#### TASK DETAILS
Repeat exactly the lines of the material below that run from the "Stack of Different" line to the "Grey suit A-line" line, including both, and do not carry over any pictures.

#### DATA SUPPLIED
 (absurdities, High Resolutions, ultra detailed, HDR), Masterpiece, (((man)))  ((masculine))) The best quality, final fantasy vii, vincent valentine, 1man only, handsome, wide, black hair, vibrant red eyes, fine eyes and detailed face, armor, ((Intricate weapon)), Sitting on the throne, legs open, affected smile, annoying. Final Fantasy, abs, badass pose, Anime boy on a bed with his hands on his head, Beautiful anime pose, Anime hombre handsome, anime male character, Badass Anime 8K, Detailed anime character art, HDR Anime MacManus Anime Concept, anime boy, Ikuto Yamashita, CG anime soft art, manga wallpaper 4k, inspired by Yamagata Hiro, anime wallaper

* * *

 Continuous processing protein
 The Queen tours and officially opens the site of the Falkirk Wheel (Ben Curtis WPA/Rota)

==

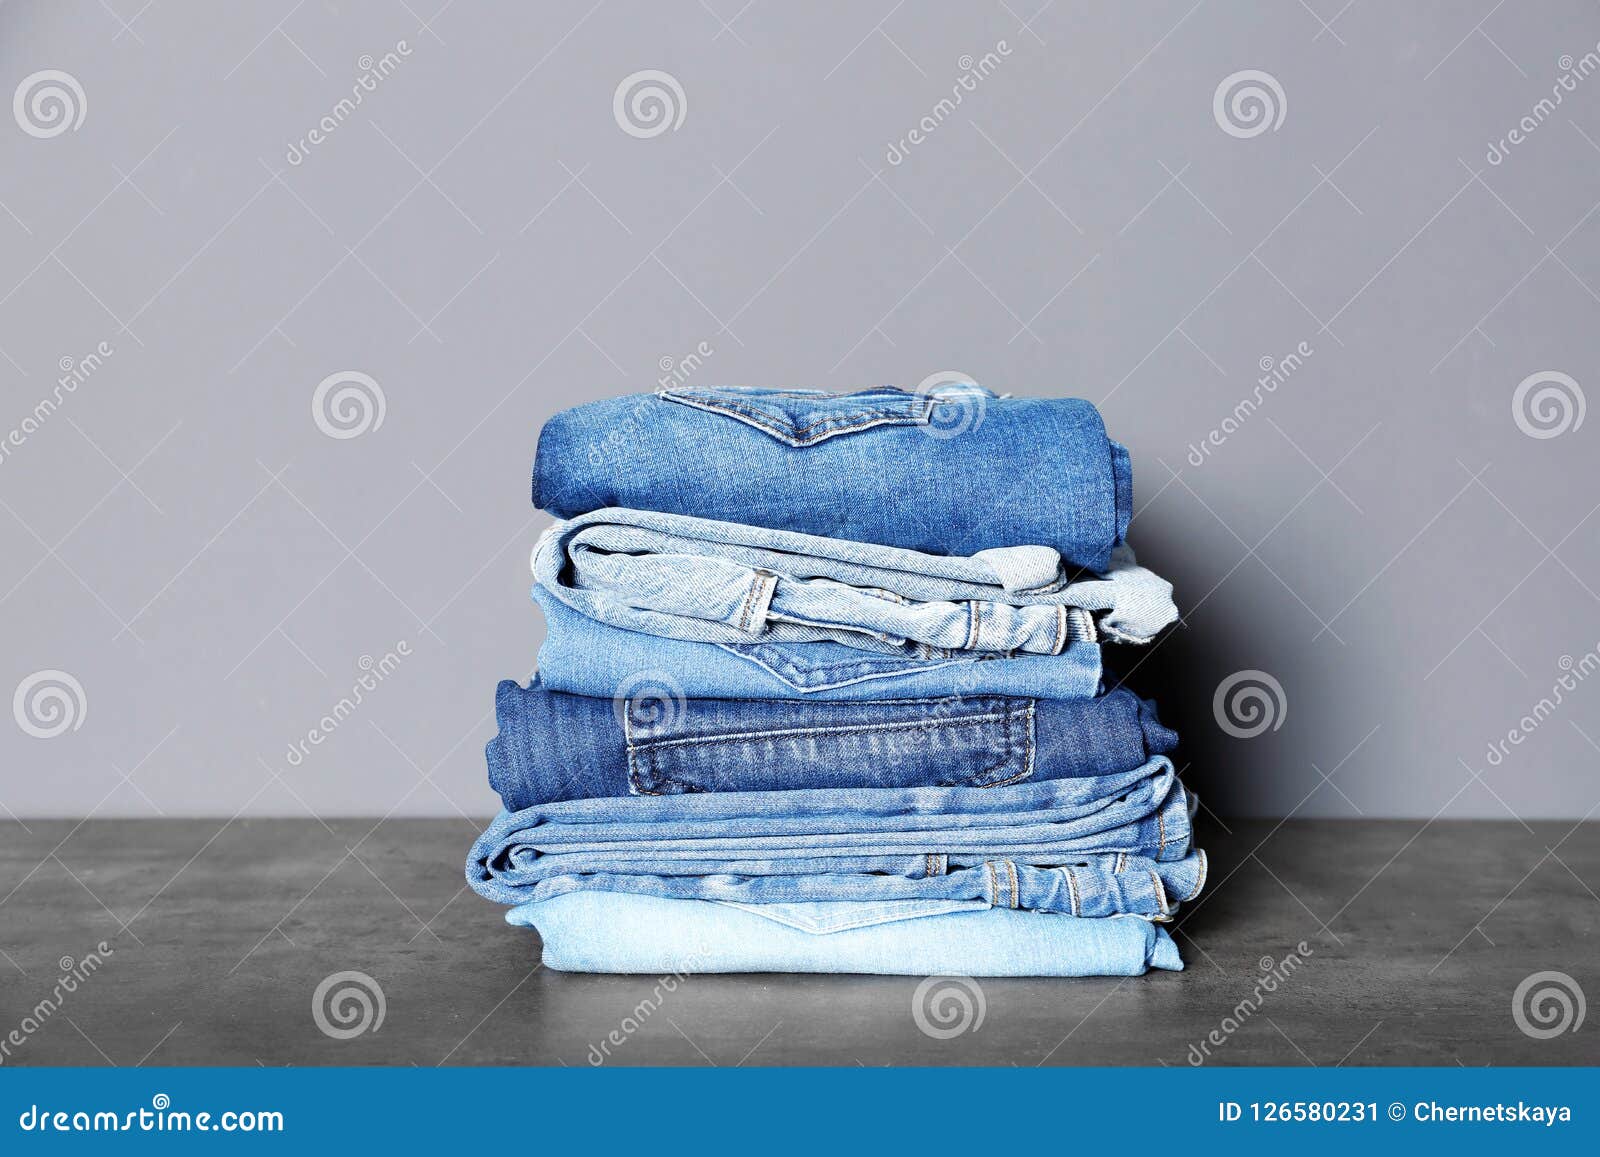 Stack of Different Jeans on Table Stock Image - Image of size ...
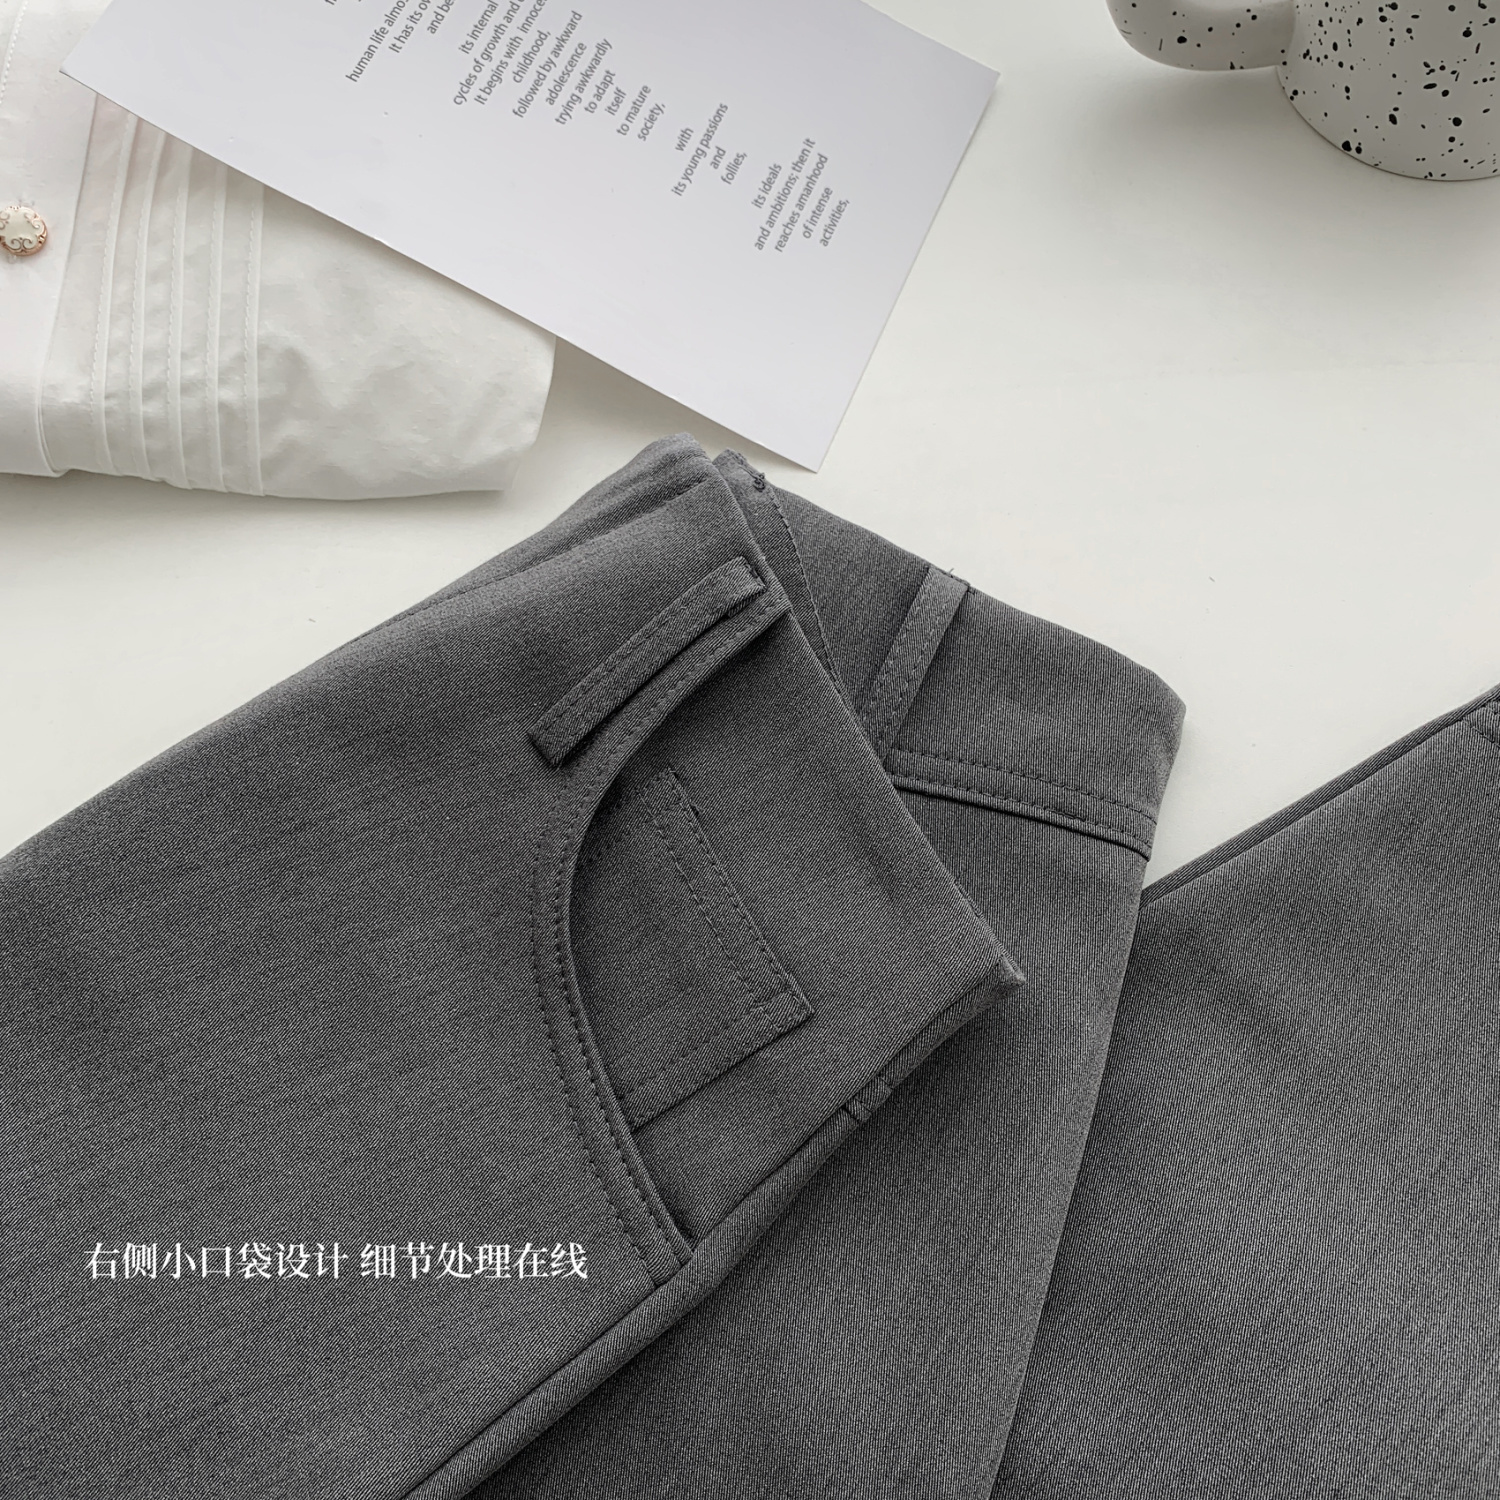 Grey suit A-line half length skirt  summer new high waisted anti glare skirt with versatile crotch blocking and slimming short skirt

#### REPLY
 Stack of Different Jeans on Table Stock Image - Image of size ...
 Grey suit A-line half length skirt  summer new high waisted anti glare skirt with versatile crotch blocking and slimming short skirt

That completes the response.